Re: One to many merge of large dataset

Administrator

In reply to this post by jredshaw

Take a casual look at the files you have in your dropbox and almost ALL of the TSTNO values in the "TABLE" file are duplicated!!! Looks like TSTNO in combination with VEHNO is unique. Maybe you need to use that as an additional KEY in the lookup. OTOH I have no idea what you what the file to look like so that is just my guess.

jredshaw wrote

I'm a relatively new SPSS user. I am trying to add several variables from one dataset with only one entry per ID number (https://www.dropbox.com/s/1jzaxcmjswdz7w0/Veh%20Data%20Reduced.sav) to another larger dataset that has several entries per ID number (https://www.dropbox.com/s/lguvj3n6ceezkzs/Inst%20Data.sav)

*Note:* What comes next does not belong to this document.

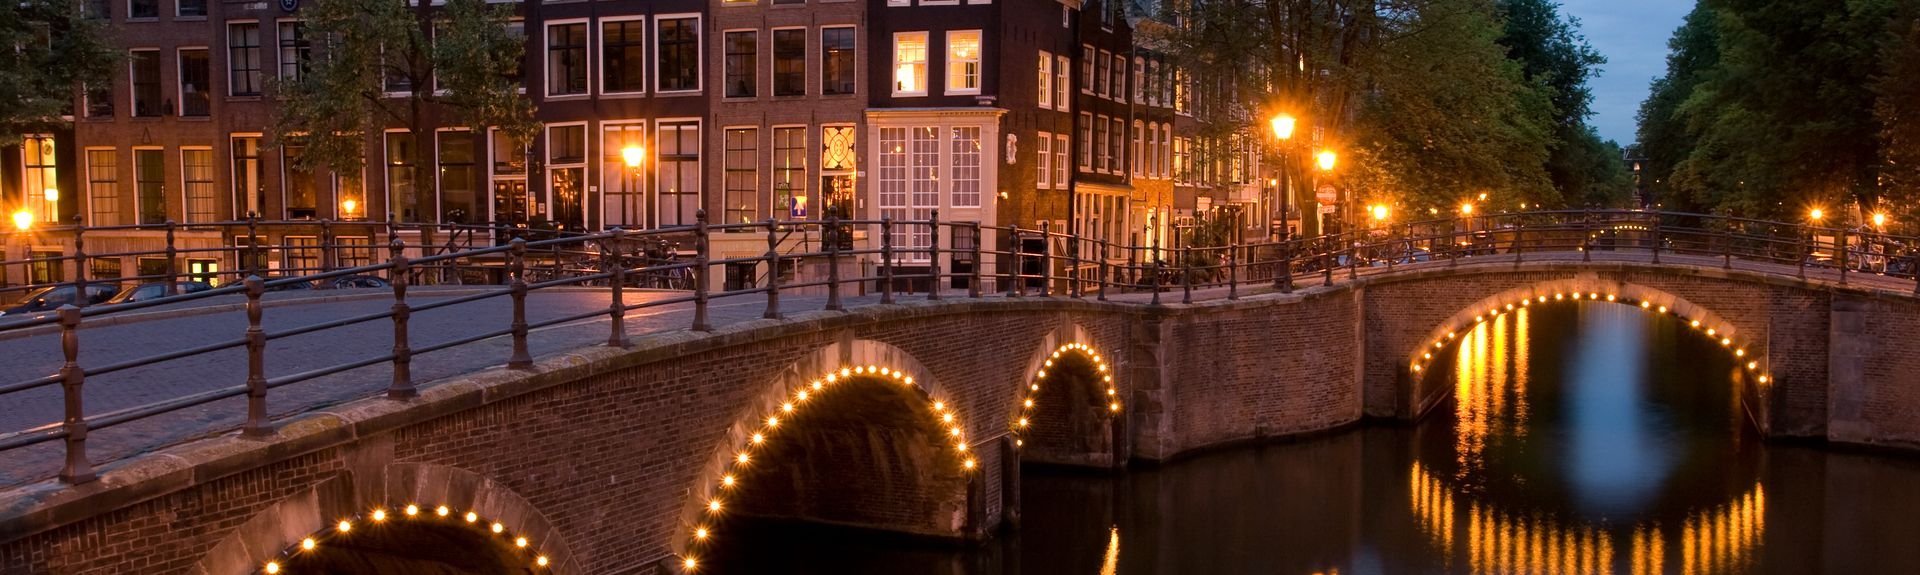 De Baarsjes, Ámsterdam, Holanda Septentrional, Países Bajos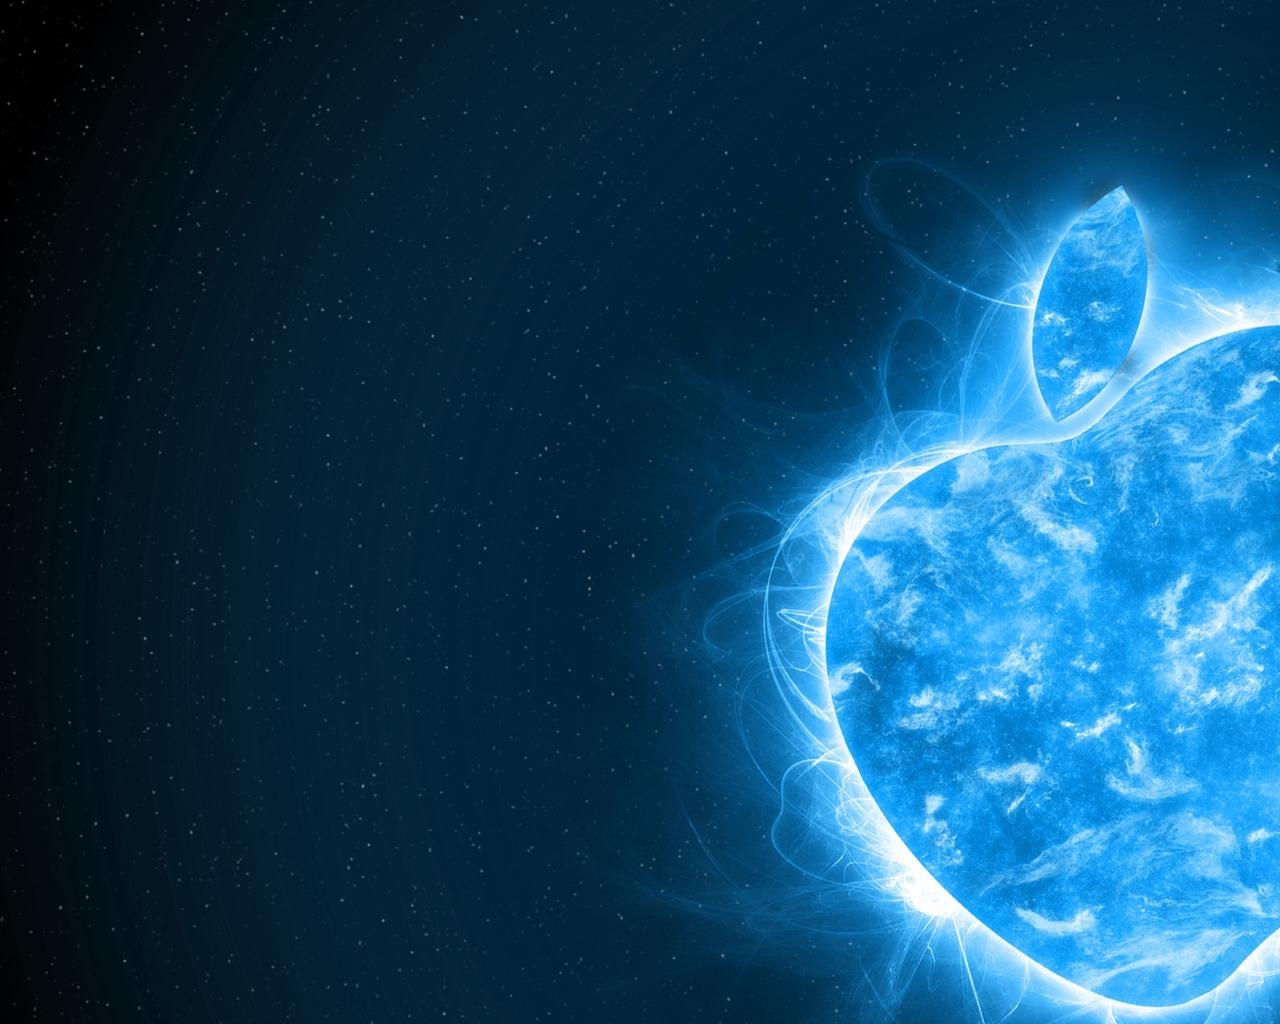 Wallpaper Blue apple allgifgallery 1280x1024

-ID number is TSTNO and I am trying to use variations on the following code thinking that this should be a one to many merge, however, I can't seem to get it to work. I keep getting error 5132 (I think, sorry I don't actually have it in front of me) - table file does not have a unique identifier

GET
FILE='/Users/Jeff/Desktop/Veh Data Reduced.sav'.
DATASET NAME DataSet4 WINDOW=FRONT.
SORT CASES BY TSTNO.

GET
FILE='/Users/Jeff/Desktop/Inst Data.sav'.
DATASET NAME DataSet1 WINDOW=FRONT.
SORT CASES BY TSTNO.

Match files file='/Users/Jeff/Desktop/Inst Data.sav'
/TABLE='/Users/Jeff/Desktop/Veh Data Reduced.sav'
/BY TSTNO.

Any thoughts? I have tried it both ways and get the same error. Any help would be greatly appreciated. Thanks.